What you need to do
Would you please restate the data exactly as it stands, apart from the pictures?

Data provided
* * *

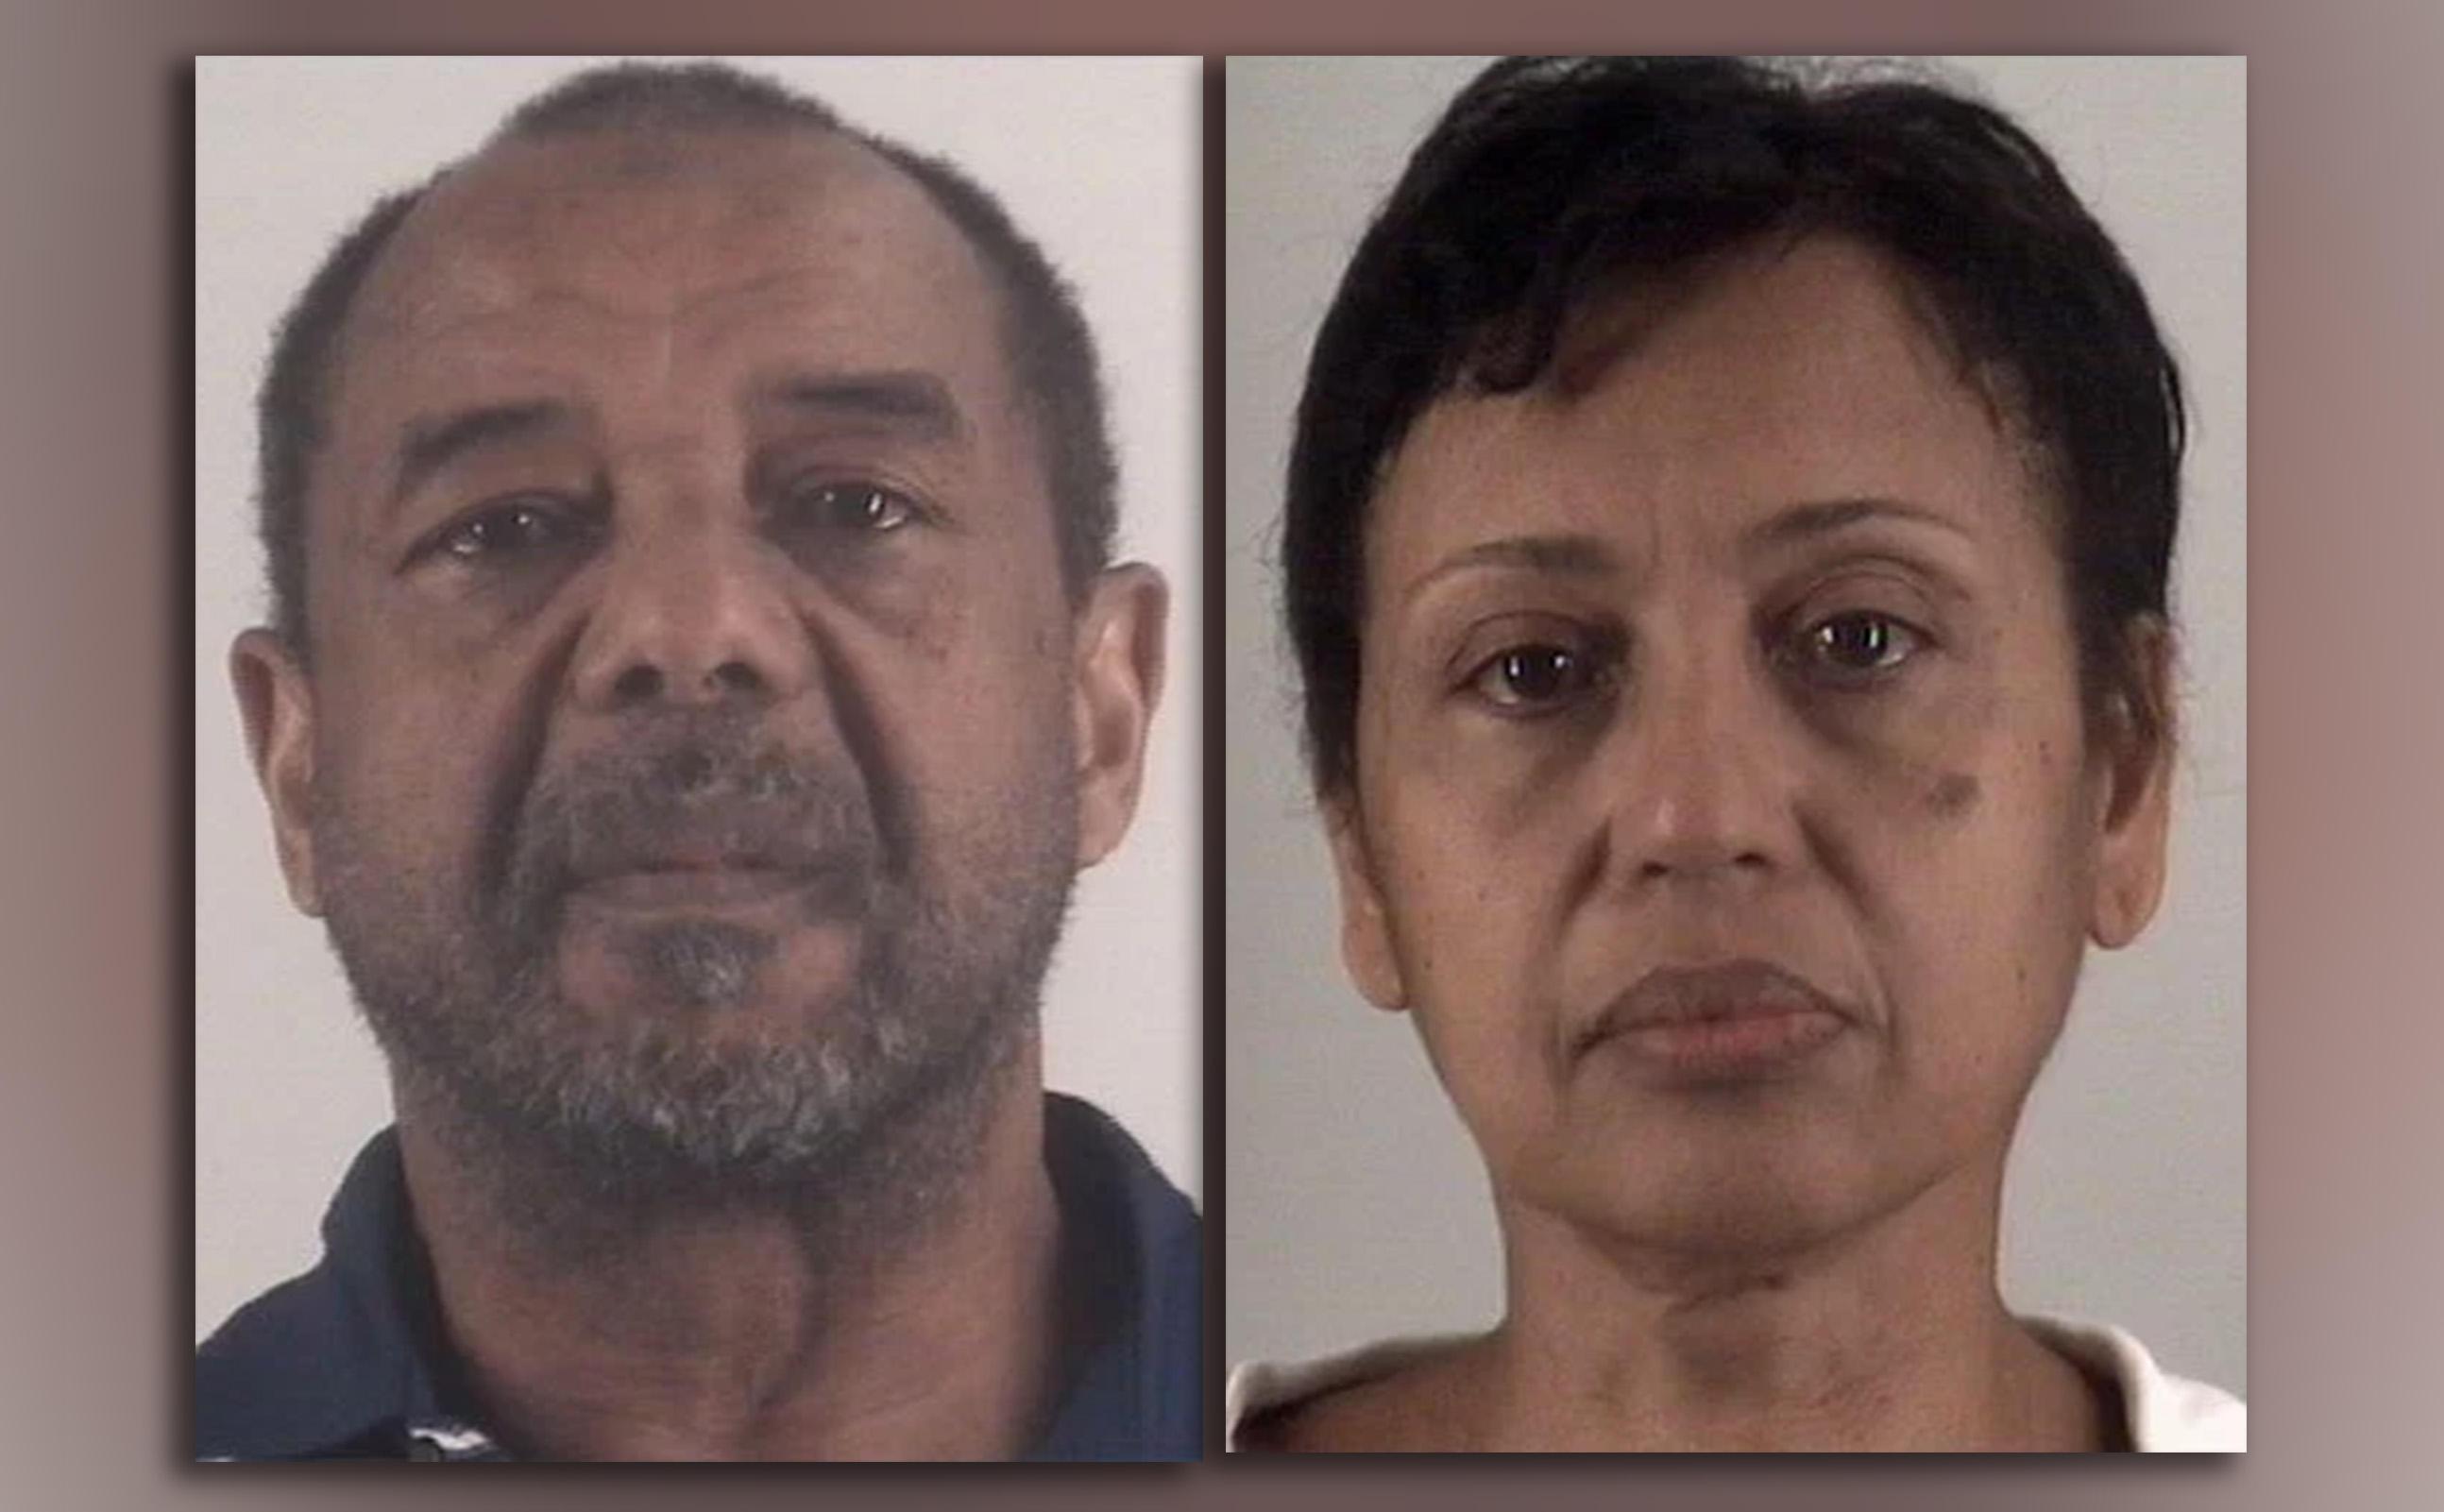 Deportarán a la pareja que esclavizó y abusó de una joven inmigrante
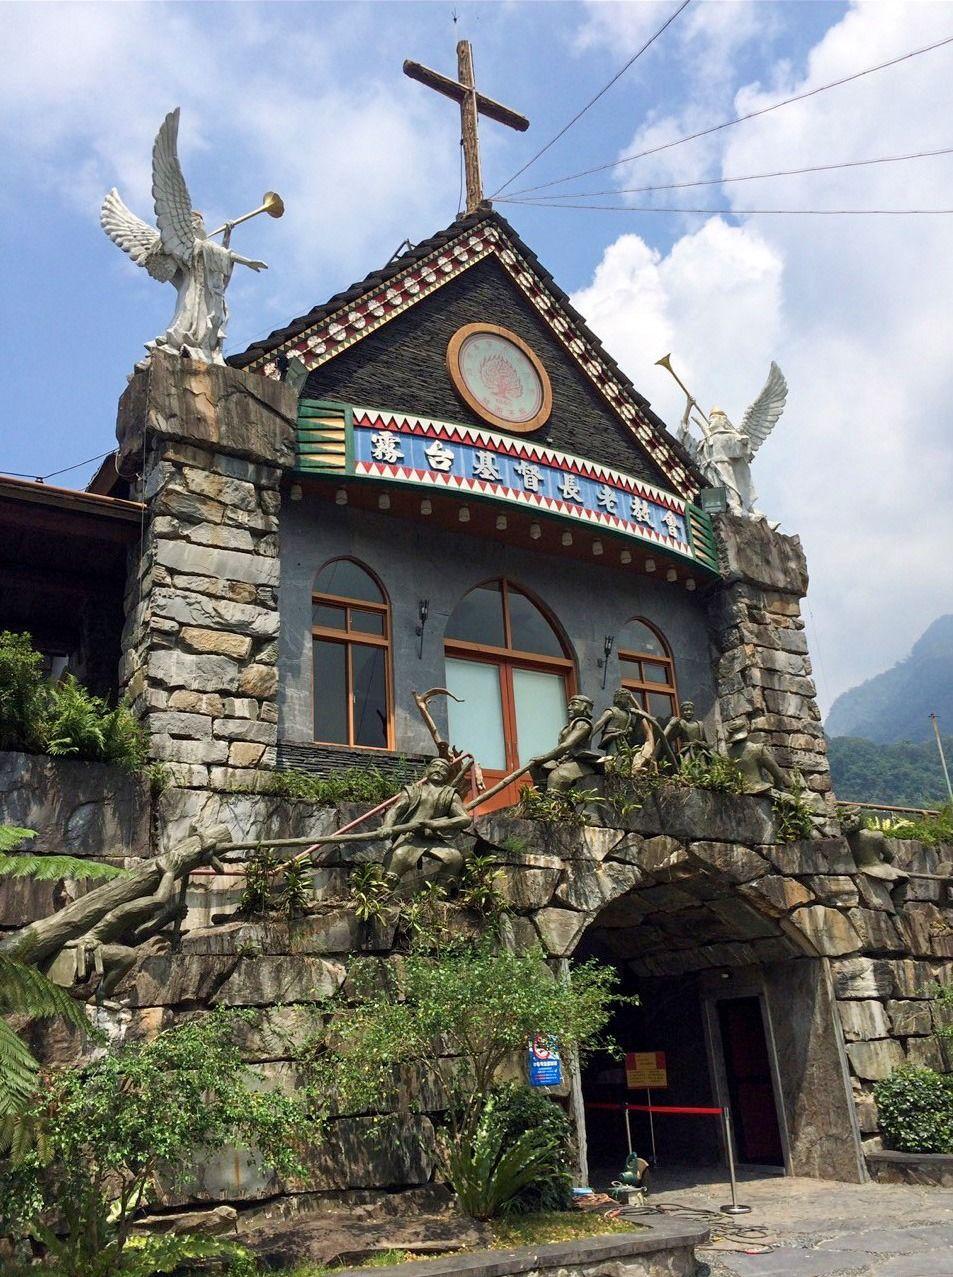 台湾最南端の県・屏東県にある「霧台郷」の教会(安村美佐子さん提供)
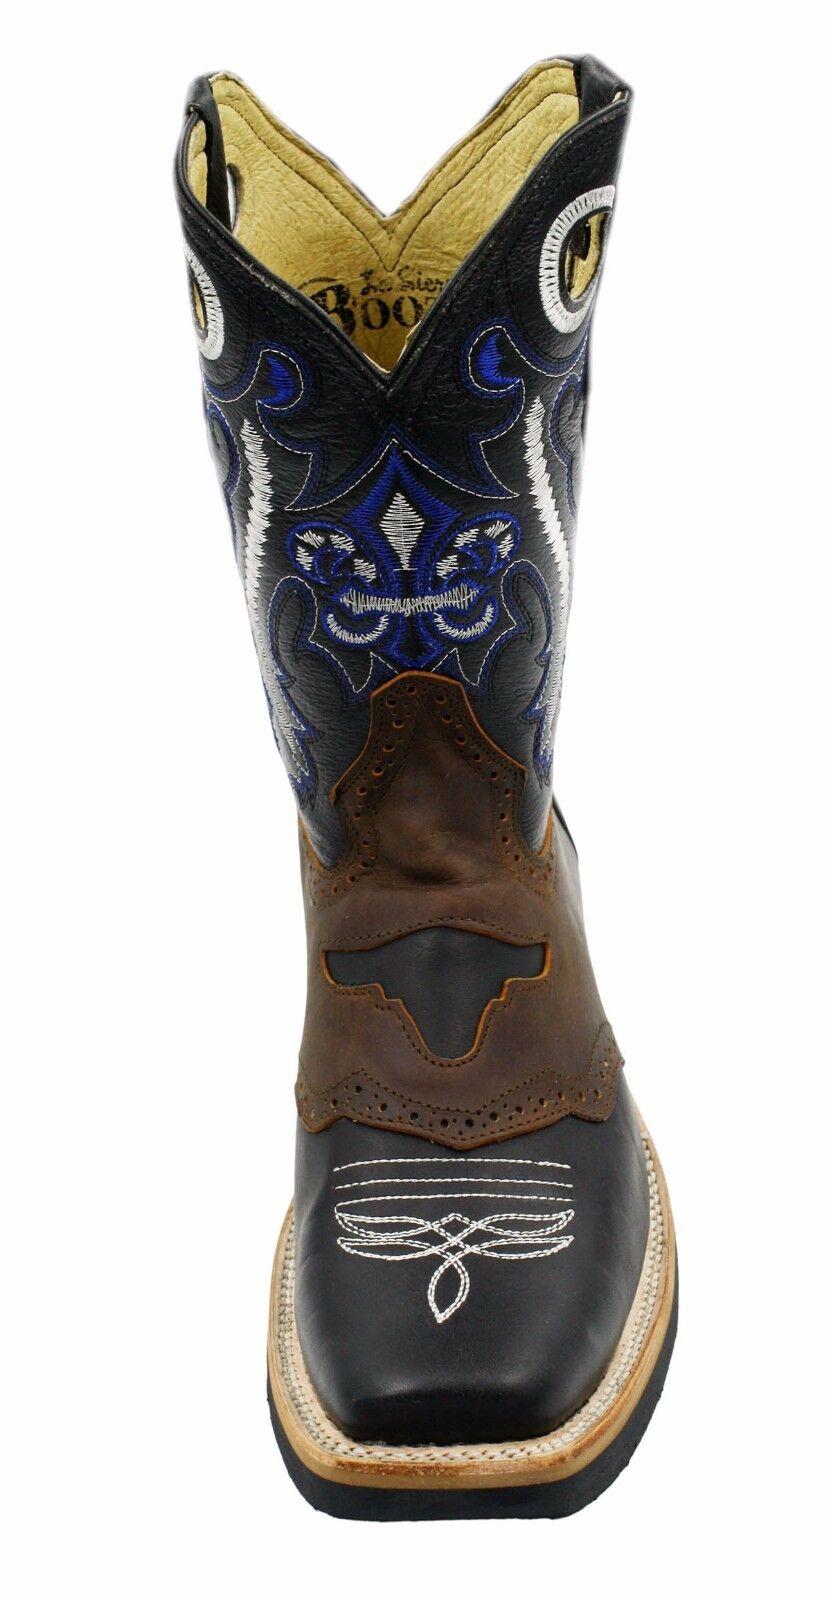 Para hombres Cuero Genuino Negro Botas De Occidental Vaquero Rodeo Occidental De Estilo CAR700 3873d9
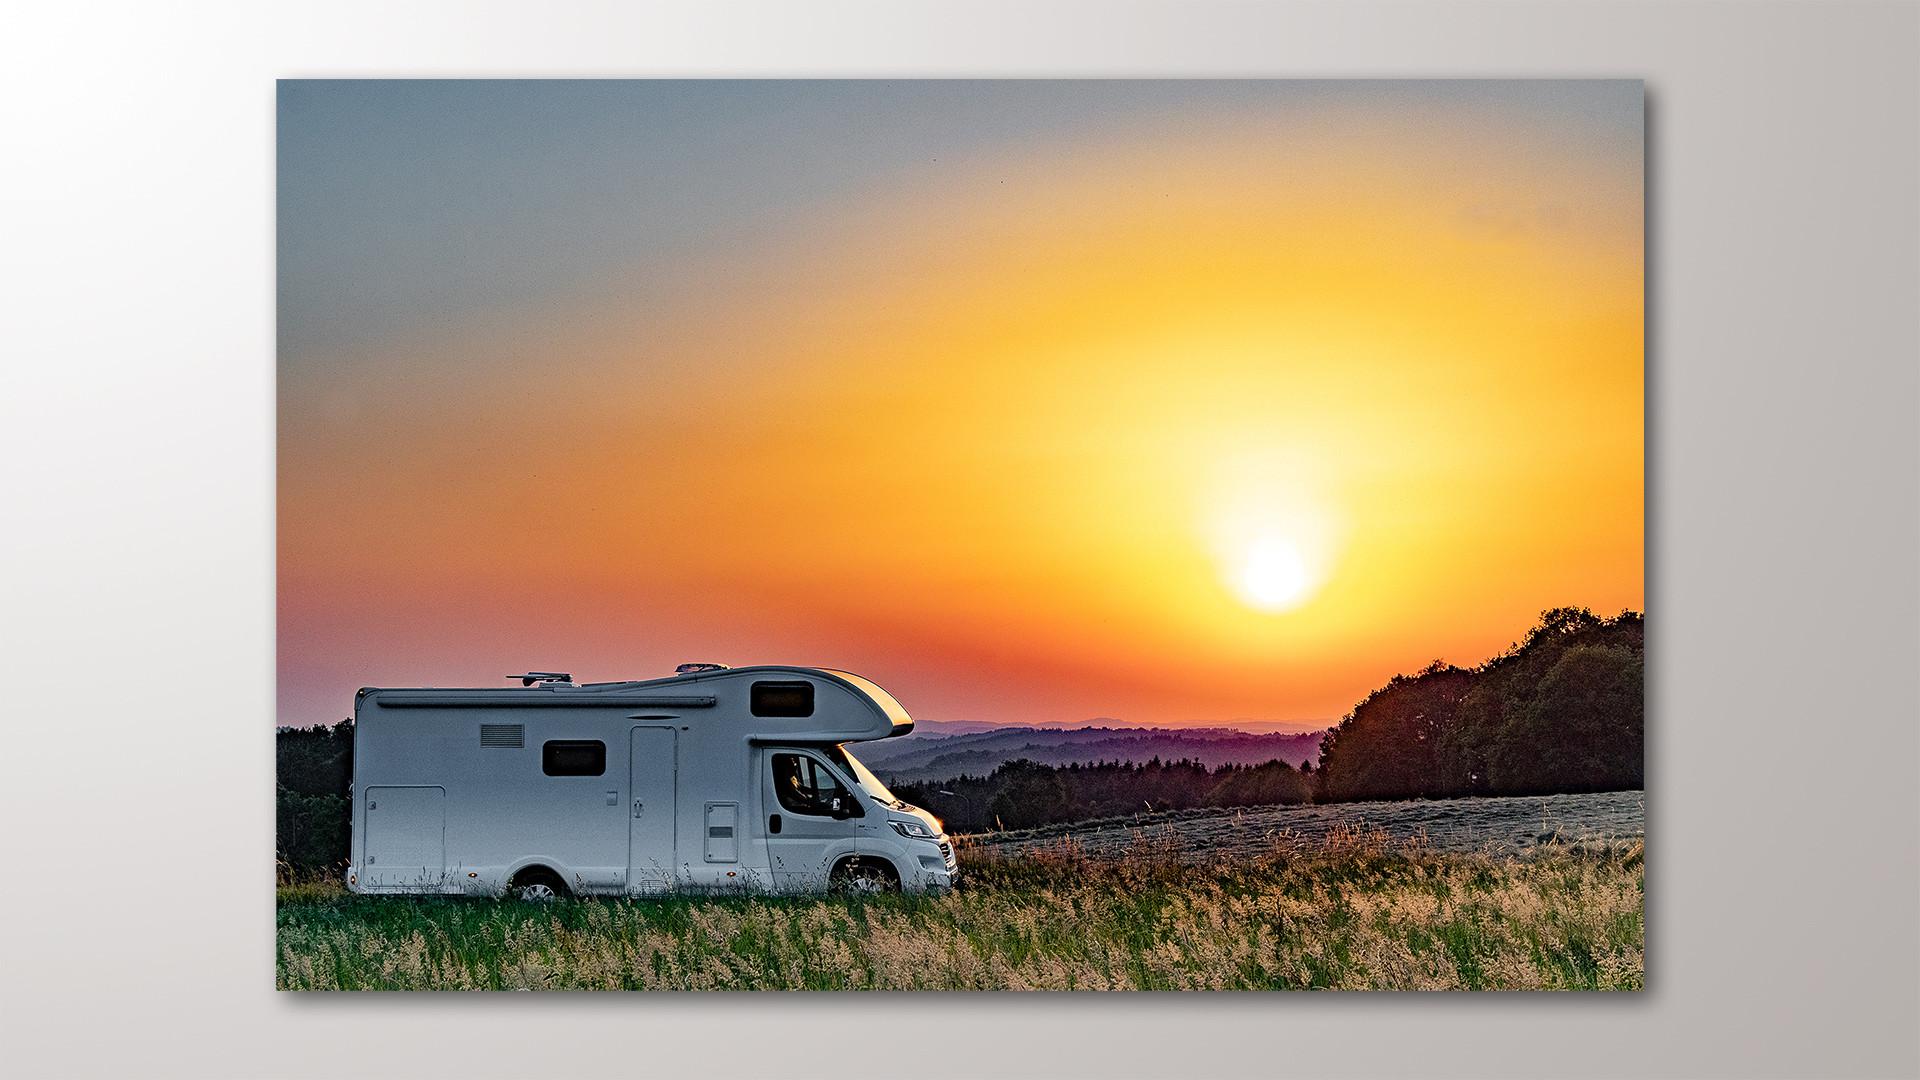 Pioneer_Caravan_Shooting_2019_07

* * *

Answer section
 Deportarán a la pareja que esclavizó y abusó de una joven inmigrante
 台湾最南端の県・屏東県にある「霧台郷」の教会(安村美佐子さん提供)
 Para hombres Cuero Genuino Negro Botas De Occidental Vaquero Rodeo Occidental De Estilo CAR700 3873d9
 Pioneer_Caravan_Shooting_2019_07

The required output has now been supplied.